The Dallas City Council accepted a major donation towards creation of a bicycle and pedestrian bridge by Spanish architect Santiago Calatrava, to go along with the Margaret Hunt Hill bridge in West Dallas that opened last March.

The donation came from the Trinity Trust. Trinity Commons Foundation spokesman Craig Holcomb called it vital to Dallas’ image. “This design is simple, it’s elegant, people will love it, and we’ve got the money. We can afford it.”

When completed, the Margaret McDermott Bridge will parallel Interstate 35E with a Calatrava design over pedestrian and bike pathways…scaled back—because of cost—from the original concept of arches spanning the entire roadway.

The bridge is separate from replacement bridges planned for both I-35E and I-30, which will run nearly $800 million. Private donations are to make up the difference between a regular pedestrian and bike bridge and the $102 million Calatrava addition.

Dallas Mayor Mike Rawlings claimed city taxpayers are not affected. “We were able to build this with private money, with federal money, with some state money and really—except for the maintenance of this—it’s not out of the taxpayers’ dollars.”

But operation and maintenance of it and the Hunt-Hill bridge will likely run $600,000 a year, something Scott Griggs found distressing. “We really need to focus on ways fund to operation and maintenance up front because these two bridges are up over $600,000 a year which is over 1% of our entire street budget.”

Griggs and Angela Hunt voted against accepting a $5 million private donation from the Trinity Trust; the donation effectively locks the city into accepting $91 million in federal money.

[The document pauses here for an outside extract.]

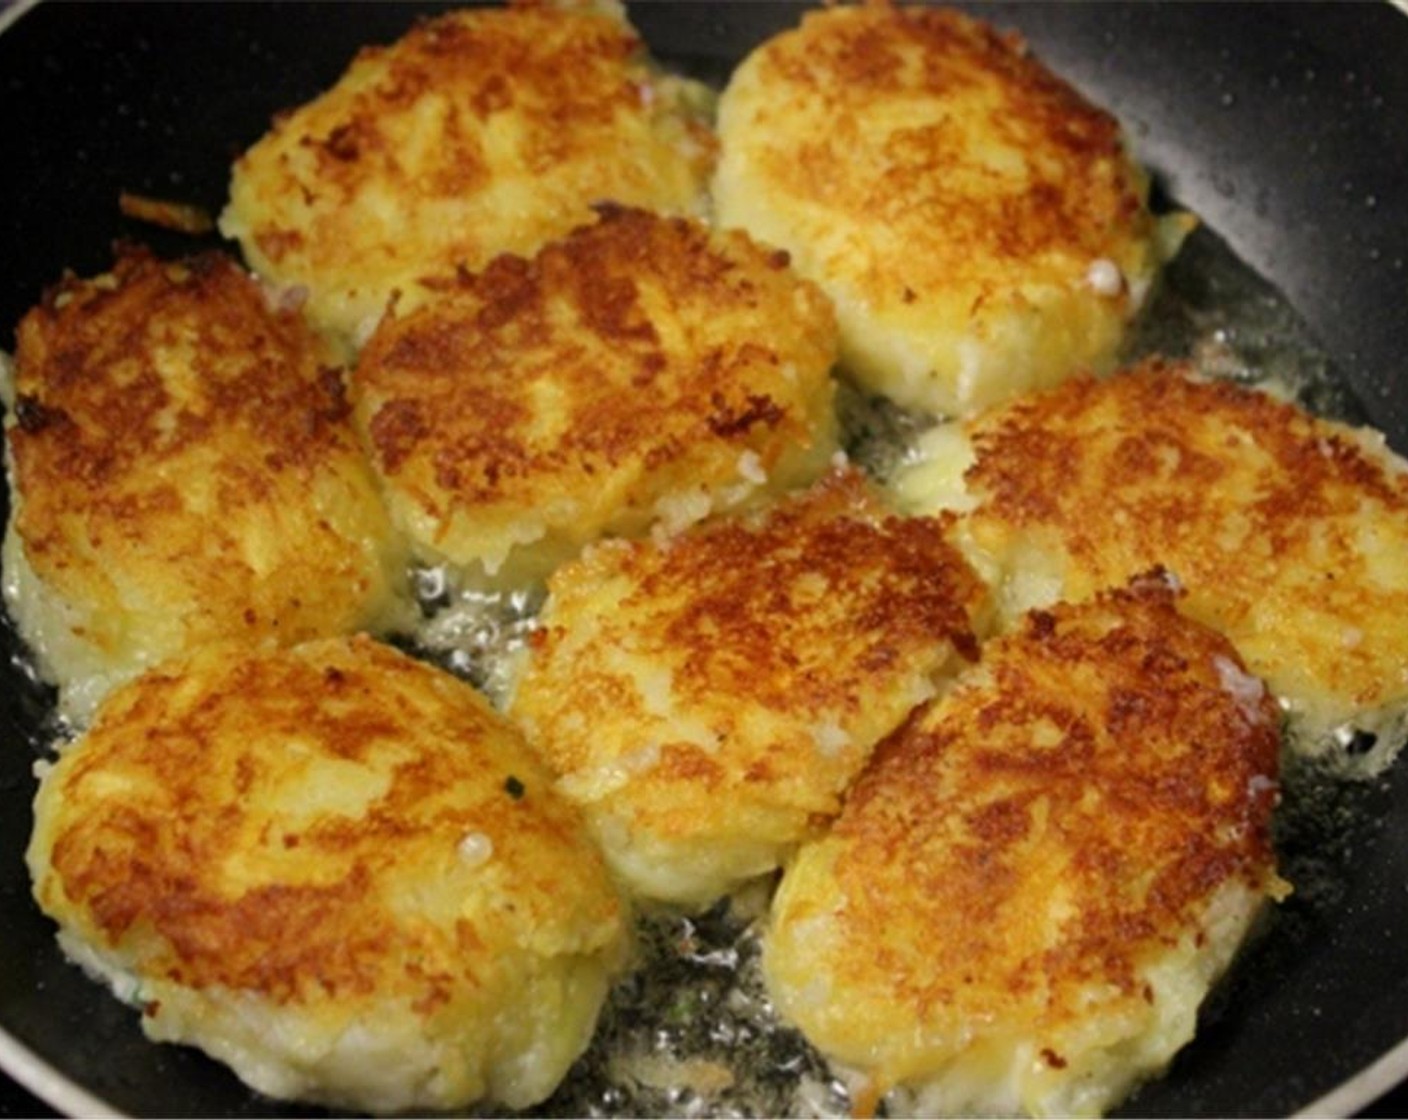 step 7 Cook the potato cakes on medium heat, about 5-7 minutes per side, until golden brown.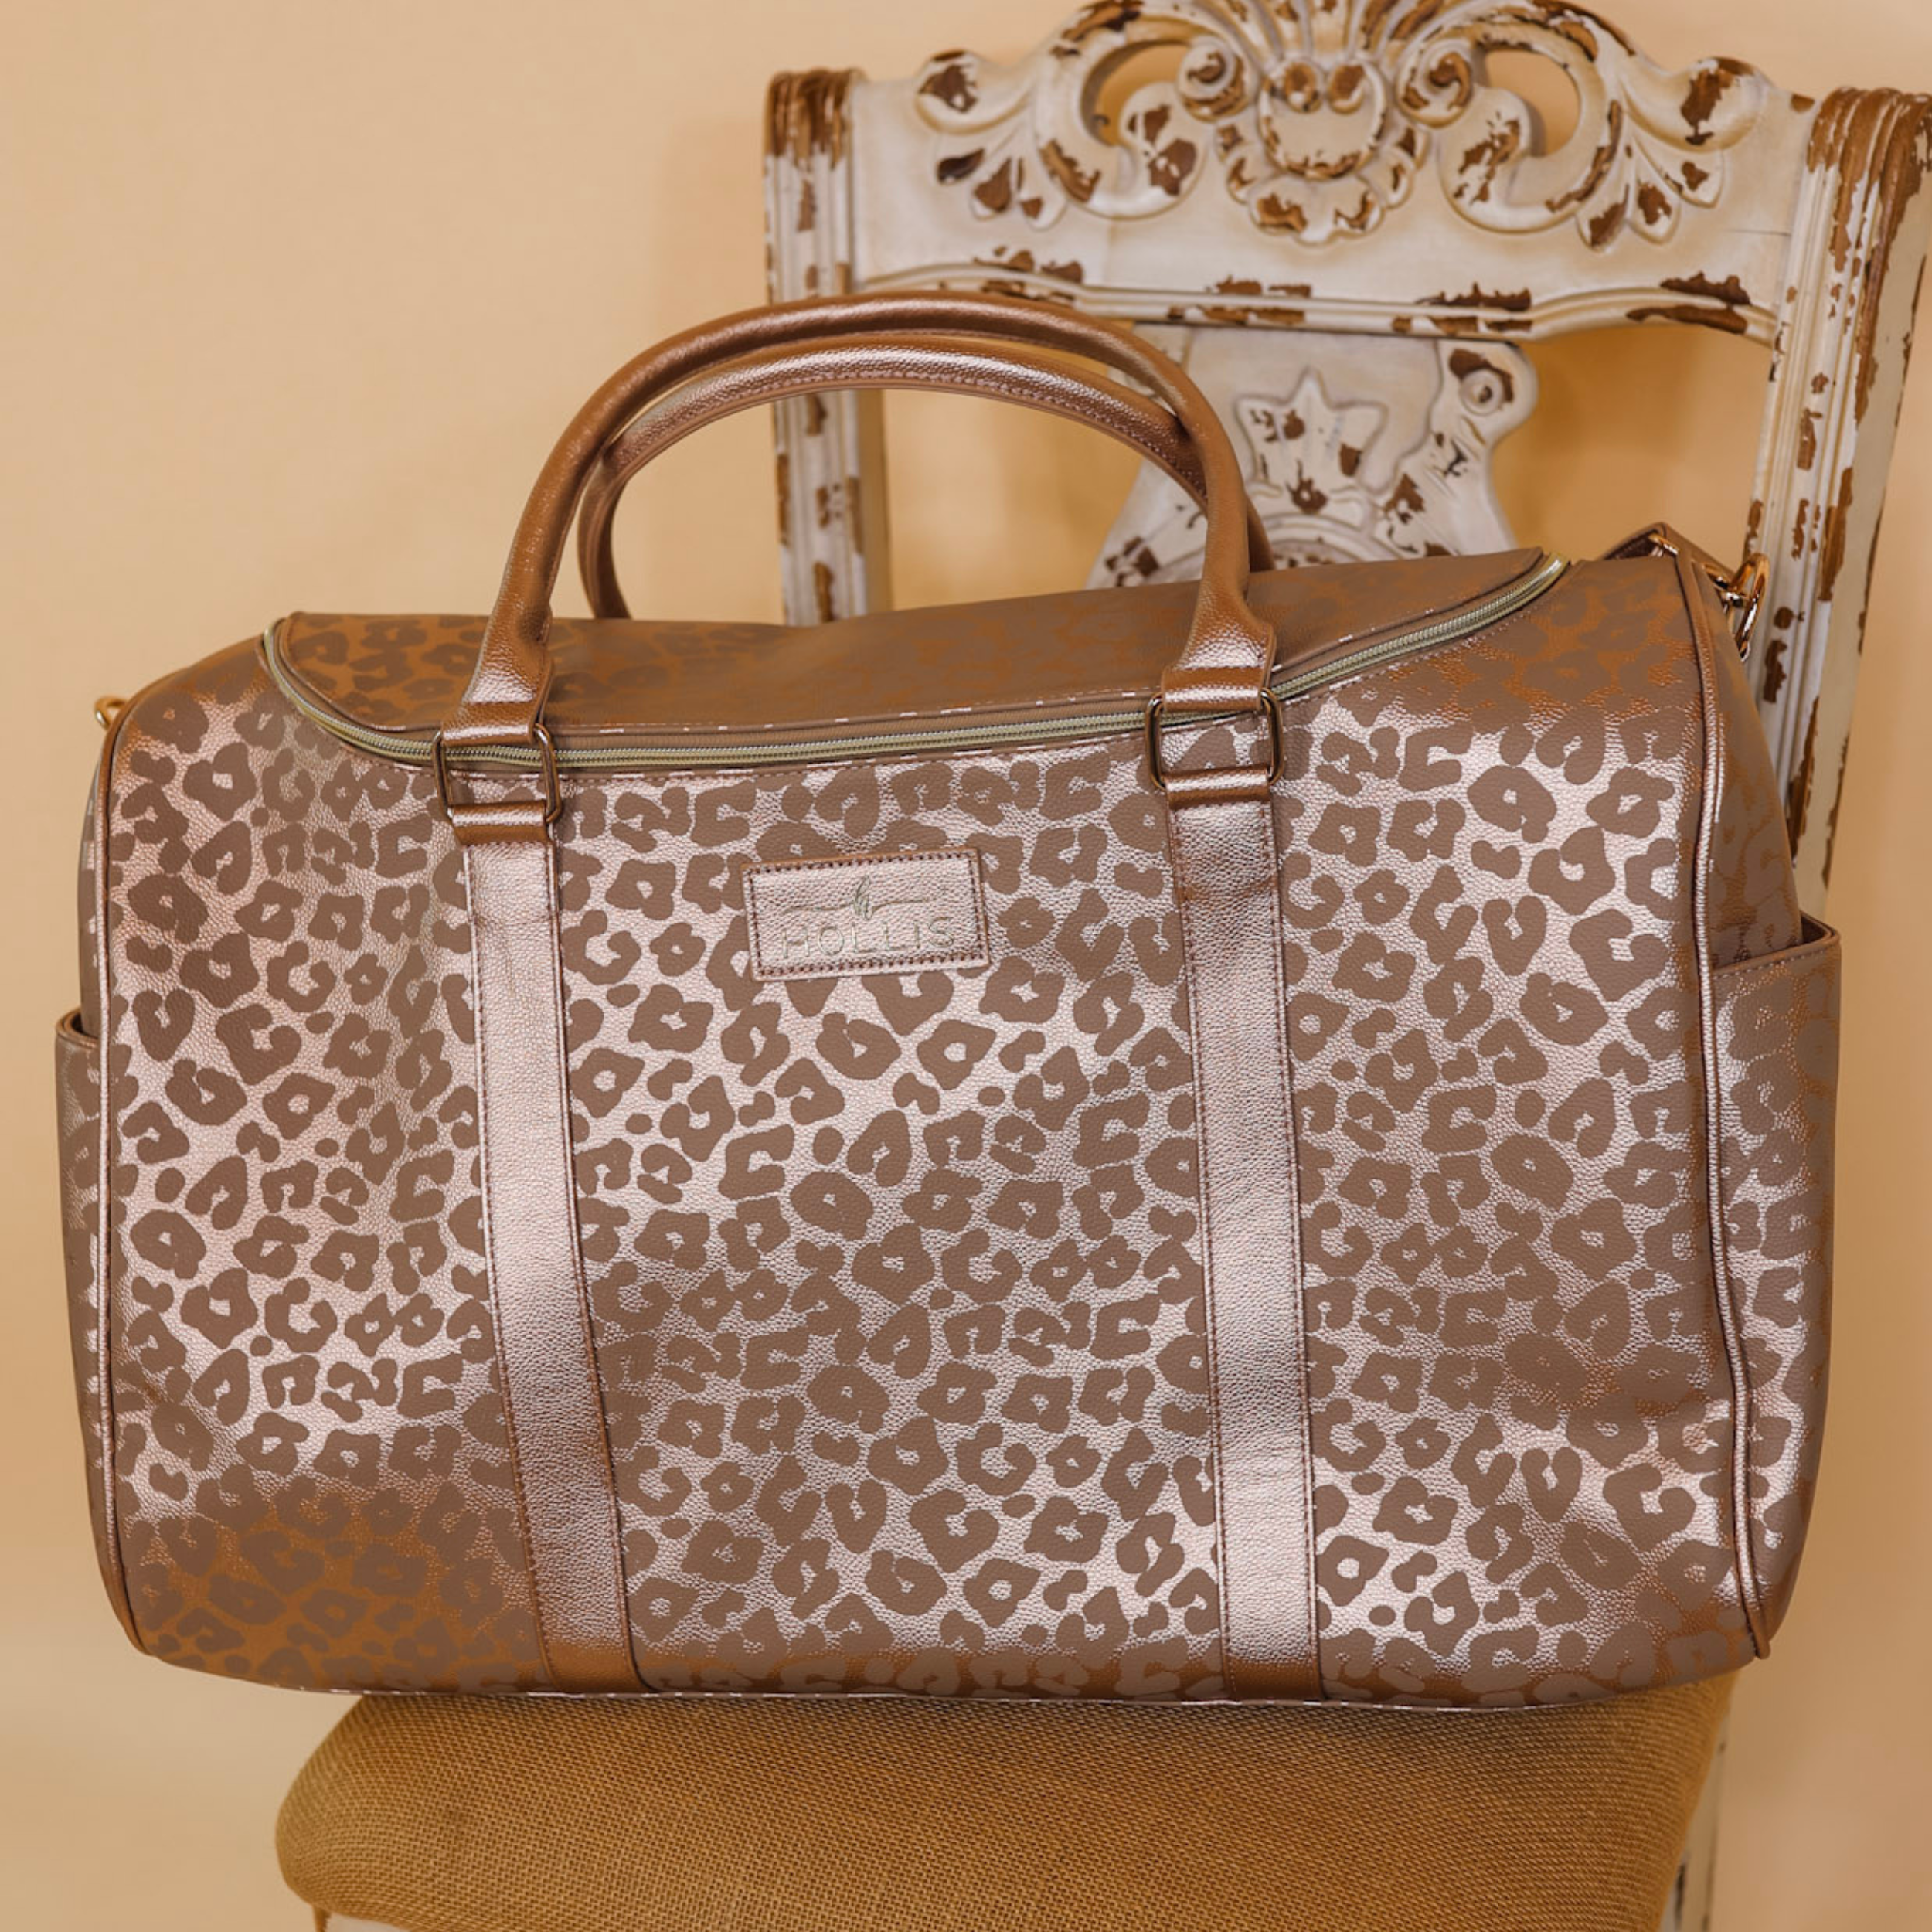 A large weekender bag is set on a chair in a leopard print. The background is solid tan.

Hunt argues Dallas taxpayers already are on the hook. “We already have $1.9 million, which we approved today, in city of Dallas funds. We’ve already approved part of that, those are public art funds, so that’s where that funding comes from. So, yes, city of Dallas taxpayers are paying for a little bit of this, the question is, when we have to deal with the next cost overrun, where does the money come from?” she asked, before concluding, “We’re responsible for it at the end of the day, that’s the contract we signed.”

But the news is welcome near the project, especially to a long-time business there. The Hickory House has been at the same location on what is now Riverfront Boulevard since 1952. Nick Spyropoulos has owned it for five years. He’s eager to see the second Calatrava Bridge completed. “Well, I think it’s going to be great, because we’ll be the only ones around here, so it’s going to help us. There’ll be a lot more traffic around here and hopefully it’ll be good for the business and for the area.”

Groundbreaking for the Signature Bridge project is set for later this spring. If all goes according to schedule it’ll take another three years to complete.